MPSparse

An implementation of sparse matrix operations using Apple's Metal Performance Shaders. The goal is to build a library which can support QR and LU factorization of sparse matrices

Currently Implemented

CGD (CSR and BCSR)
BiCGSTAB (CSR and BCSR)
COO to CSR converter

TODO

Test COO to CSR converter, drag race against CUDA impl
Test SpMV kernel, again vs. CUDA impl
Implement sparse QR in CUDA (reference)
Discuss iterative solvers more
Plug in COO to CSR to torch
Improve BCSR support

CGD

This repository implements a high-performance Conjugate Gradient Descent (CGD) solver for sparse linear systems, accelerated by Apple Metal on macOS devices.

It features a custom PyTorch extension that performs Sparse Matrix-Vector multiplication (SpMV) and iterative solver steps entirely on the GPU. By leveraging fused kernels and Metal's SIMD-group functions, this implementation minimizes memory bandwidth usage and CPU-GPU synchronization overhead compared to standard solvers.

Usage

Data Preparation (Key Packing)

The solver accepts input in Coordinate (COO) format. To efficiently sort and convert this to CSR format on the GPU, the row and column indices must be packed into a single 64-bit integer key.
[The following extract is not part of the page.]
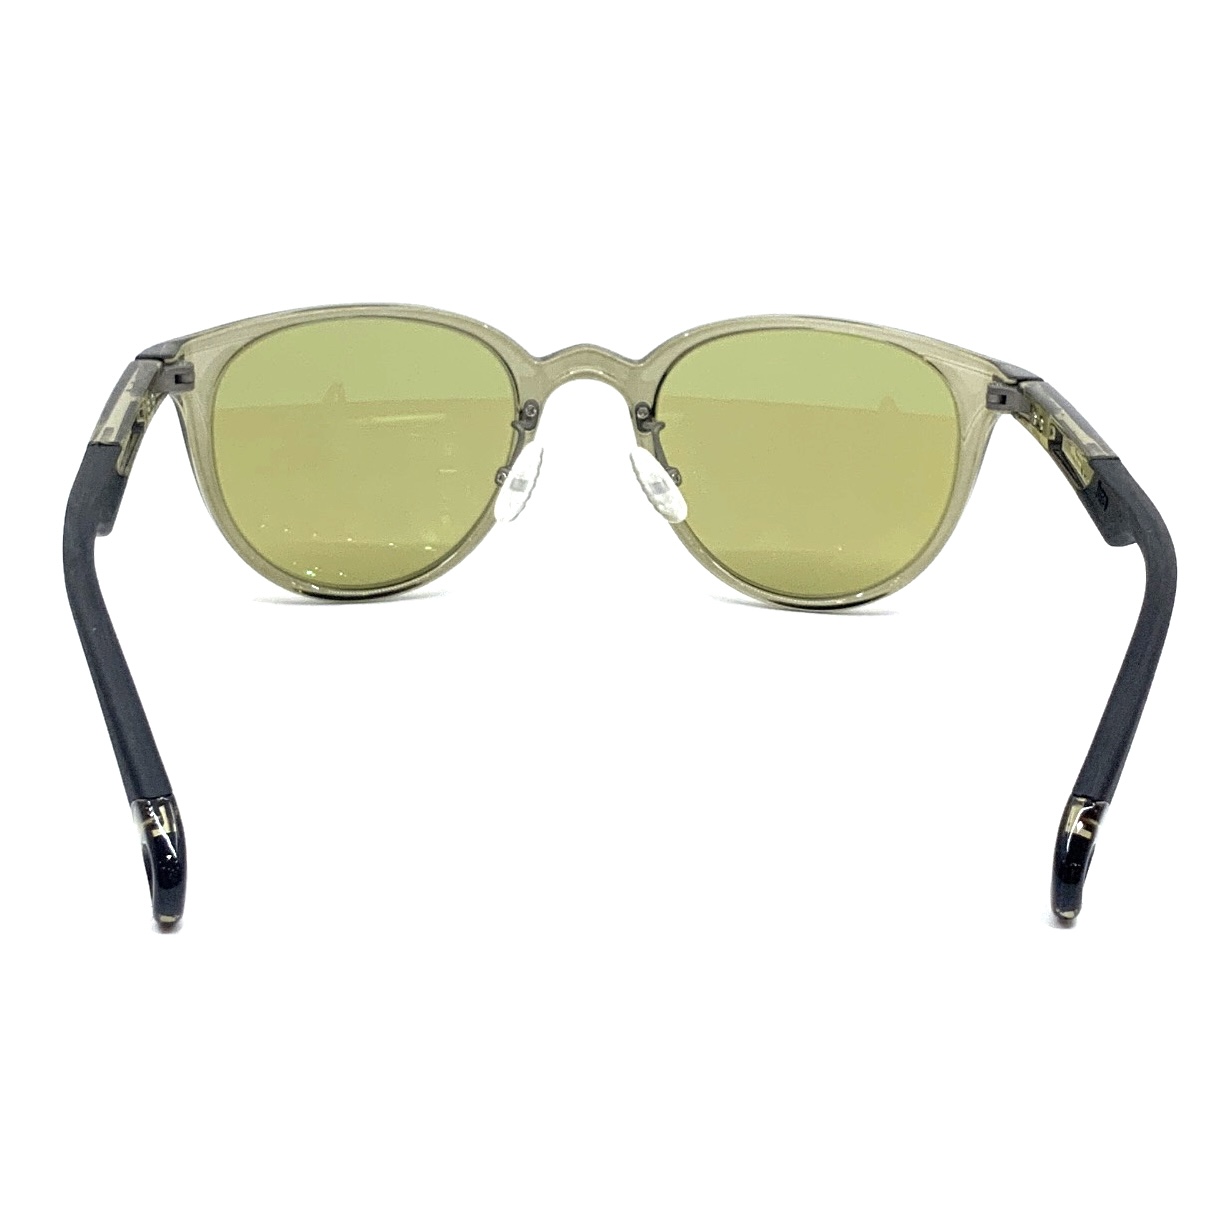 Zeque ゼクー サングラス Juno ジュノ F-1847 Clear Olive / EASE GREEN / BLUE MIRROR  47サイズ (在庫なし)
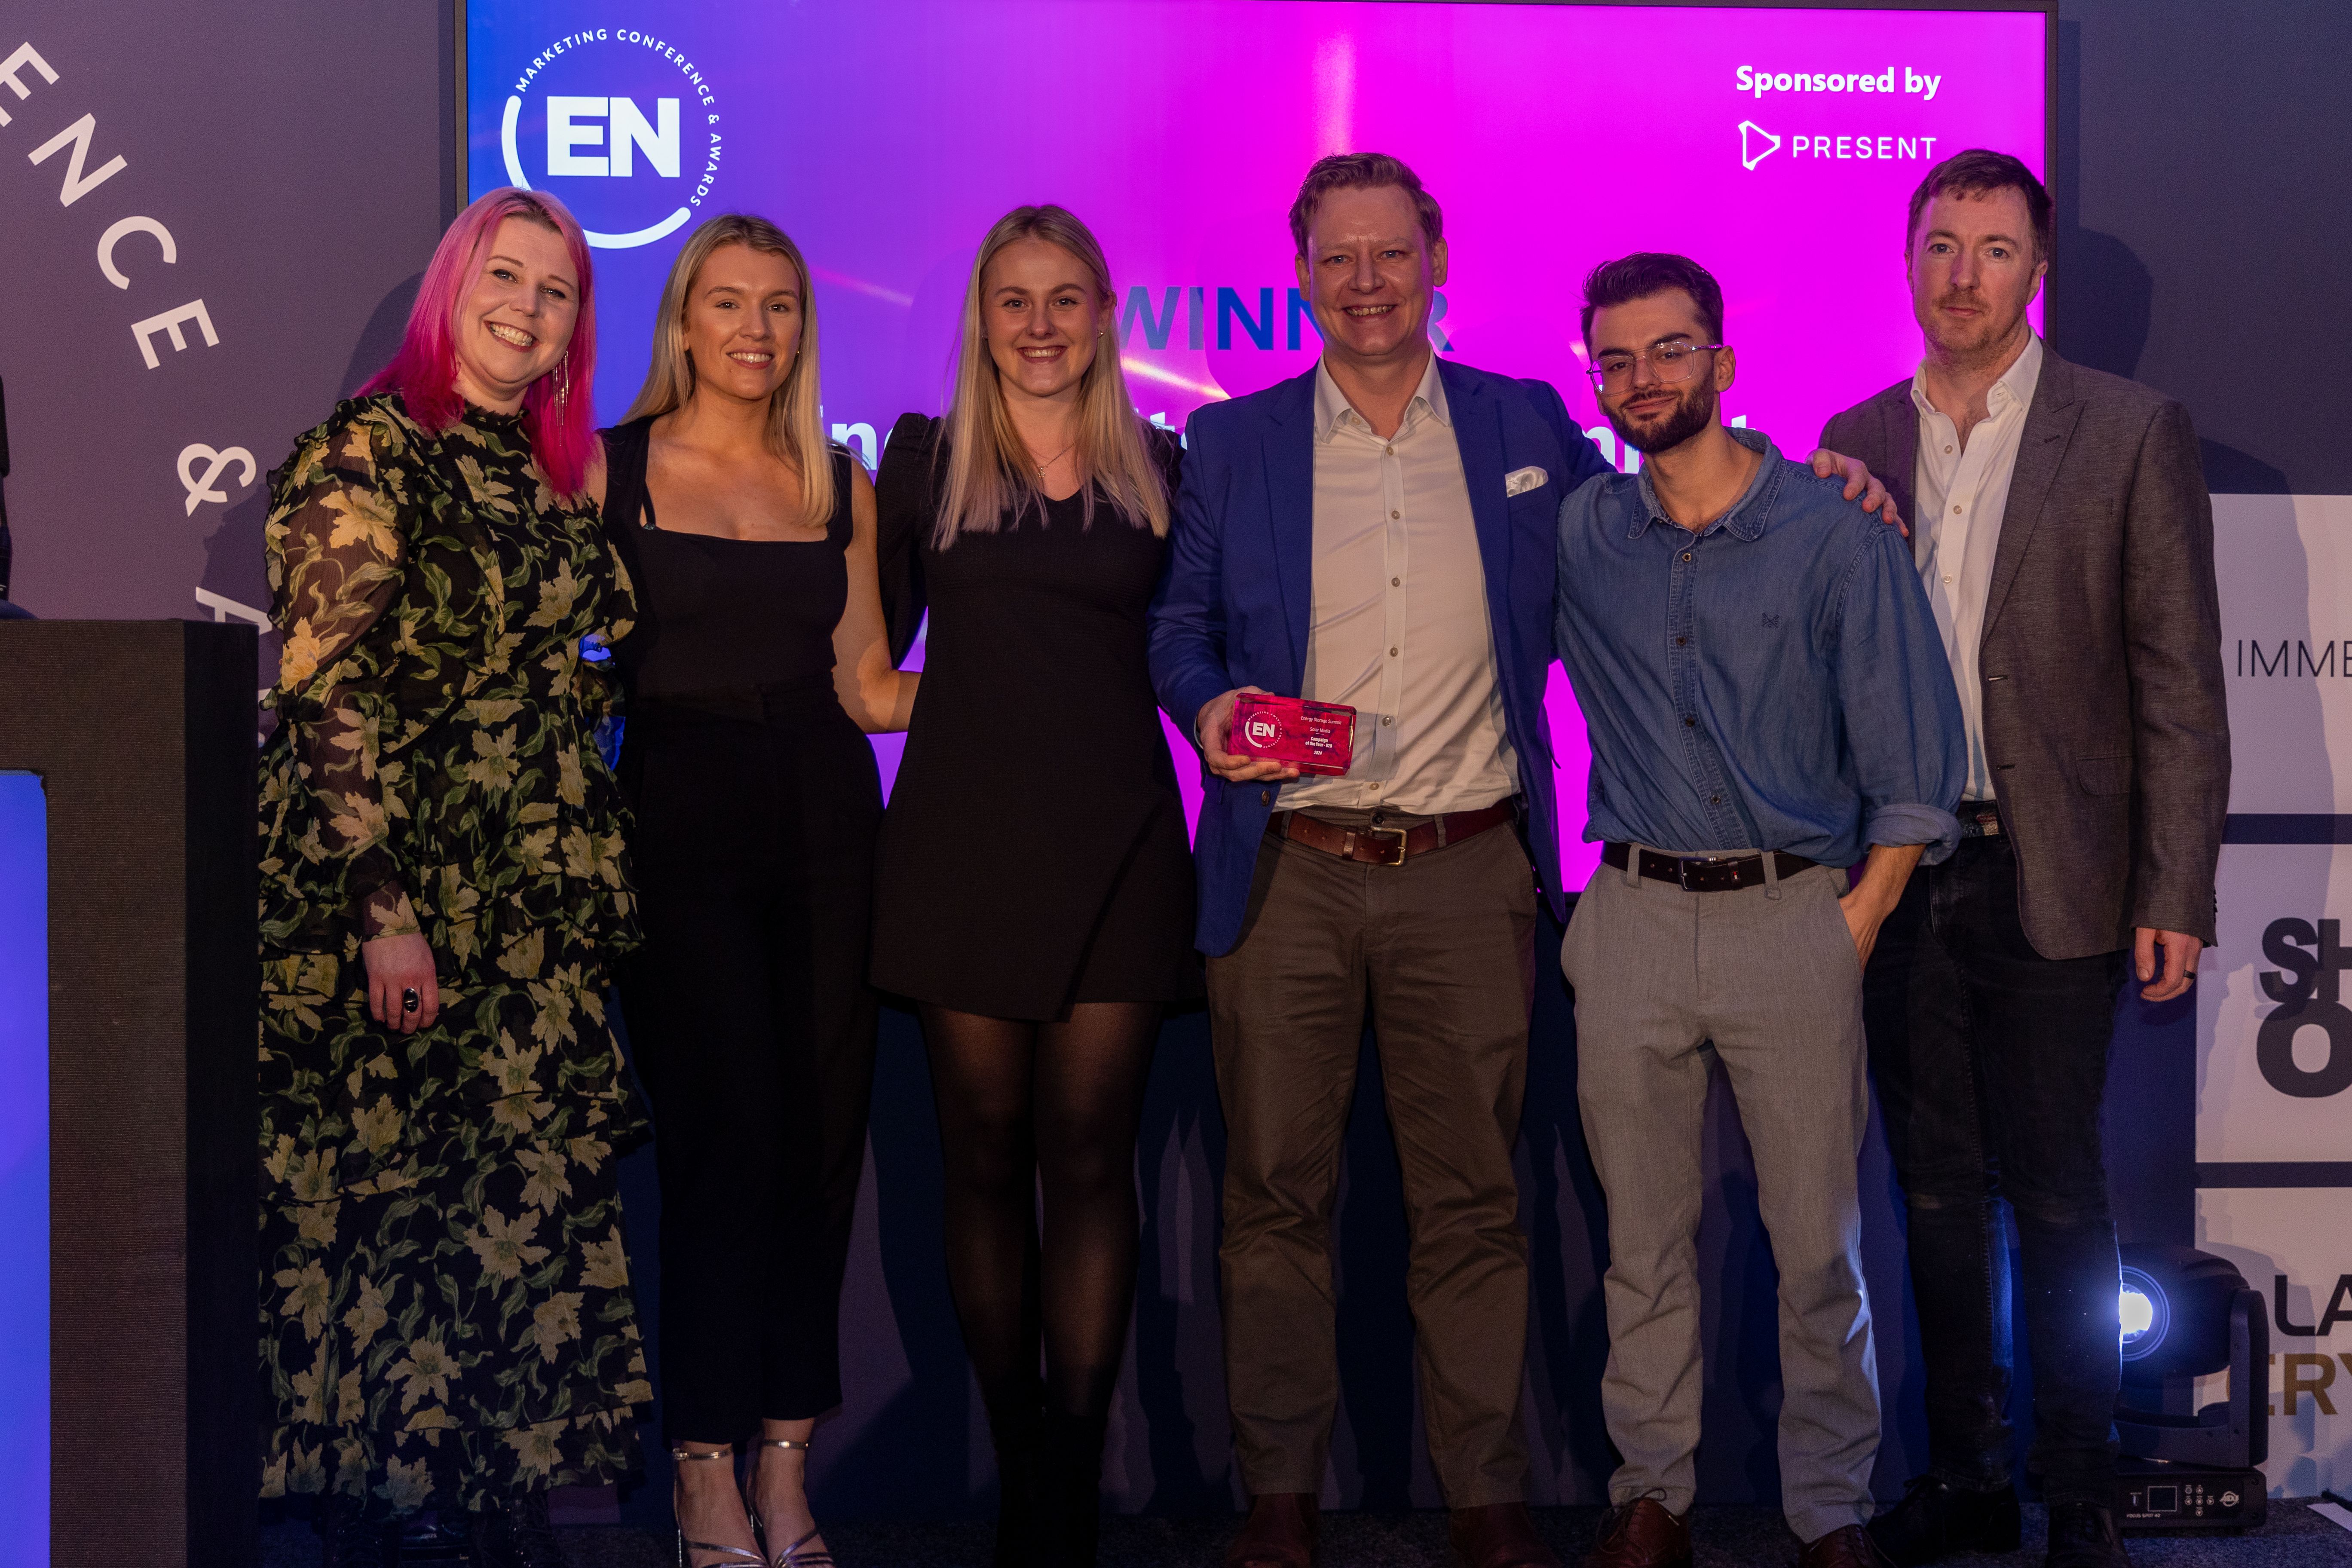 Campaign of the Year - B2B sponsored by Present Communications  

The packing logic places the row index in the high 32 bits and the column index in the low 32 bits.

import torch

def pack_keys(row_indices, col_indices):
    """
    Packs row and column indices into a single uint64 key.
    High 32 bits: Row Index
    Low 32 bits: Col Index
    """
    row_indices = row_indices.to(torch.int64)
    col_indices = col_indices.to(torch.int64)
    return (row_indices << 32) | col_indices

Running the Solver

Below is an example of initializing the custom tensor and solving $Ax=b$.

import torch
import spmv 

# Define problem size
num_rows = 1024
num_cols = 1024

# Create a sample diagonal matrix (Indices and Values)
rows = torch.arange(num_rows)
cols = torch.arange(num_cols)
values = torch.ones(num_rows, dtype=torch.float32)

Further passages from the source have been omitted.